Au temps de Charlemagne il y avait des confesseurs dans les armées. Charles en avait un pour lui en titre d’office : il s’appelait Valdon, et était abbé d’Augie près de Constance.

Il était permis de se confesser à un laïque, et même à une femme, en cas de nécessité[2]. Cette permission dura très-longtemps ; c’est pourquoi Joinville dit qu’il confessa en Afrique un chevalier, et qu’il lui donna l’absolution, selon le pouvoir qu’il en avait. « Ce n’est pas tout à fait un sacrement, dit saint Thomas, mais c’est comme sacrement. »

On peut regarder la confession comme le plus grand frein des crimes secrets. Les sages de l’antiquité avaient embrassé l’ombre de cette pratique salutaire. On s’était confessé dans les expiations chez les Égyptiens et chez les Grecs, et dans presque toutes les célébrations de leurs mystères. Marc-Aurèle, en s’associant aux mystères de Cérès-Éleusine, se confessa à l’hiérophante.

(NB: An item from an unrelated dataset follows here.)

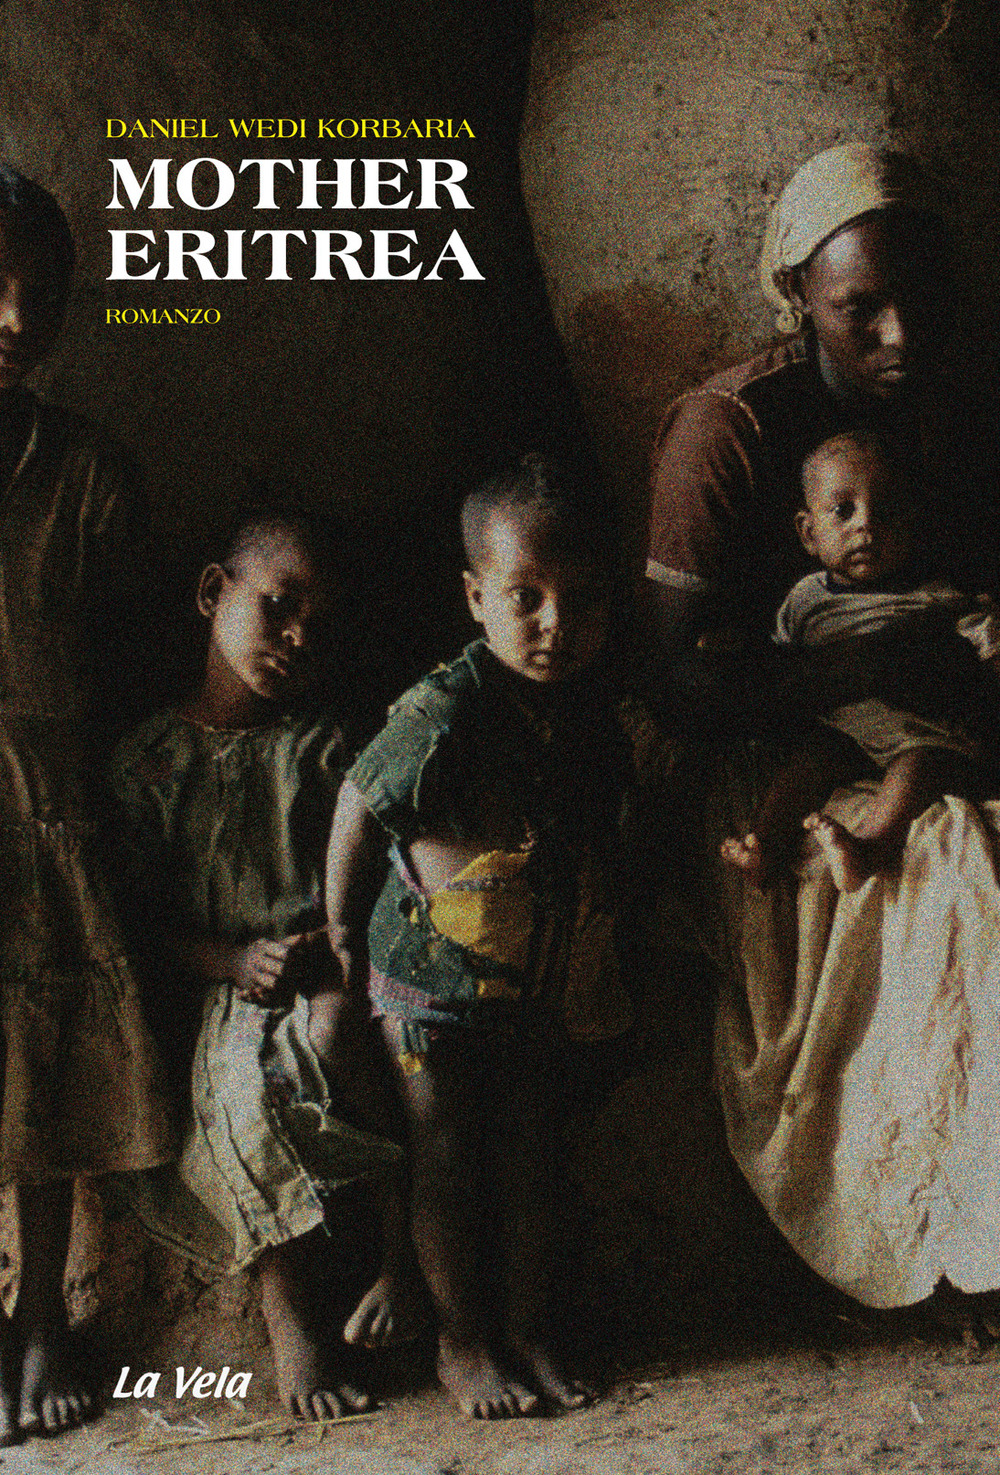 Libri Wedi Korbaria Daniel - Mother Eritrea NUOVO SIGILLATO, EDIZIONE DEL 15/04/2019 SUBITO DISPONIBILE

Cet usage, si saintement établi chez les chrétiens, fut malheureusement depuis l’occasion des plus funestes abus. La faiblesse du sexe rendit quelquefois les femmes plus dépendantes de leurs confesseurs que de leurs époux. Presque tous ceux qui confessèrent les reines se servirent de cet empire secret et sacré pour entrer dans les affaires d’État. Lorsqu’un religieux domina sur la conscience d’un souverain, tous ses confrères s’en prévalurent ; et plusieurs employèrent le crédit du confesseur pour se venger de leurs ennemis. Enfin il arriva que, dans les divisions entre les empereurs et les papes, dans les factions des villes, les prêtres ne donnaient pas l’absolution à ceux qui n’étaient pas de leur parti. C’est ce qu’on a vu en France du temps du roi Henri IV ; presque tous les confesseurs refusaient d’absoudre les sujets qui reconnaissaient leur roi. La facilité de séduire les jeunes personnes et de les porter au crime dans le tribunal même de la pénitence fut encore un écueil très-dangereux. Telle est la déplorable condition des hommes, que les remèdes les plus divins ont été tournés en poisons.

La religion chrétienne ne s’était point encore étendue au nord plus loin que les conquêtes de Charlemagne. La Scandinavie, le

  1. Que d’autres nomment le quatrième. (Note de Voltaire.)
  2. Voyez les Éclaircissements. (Mélanges, année 1763). (Id.)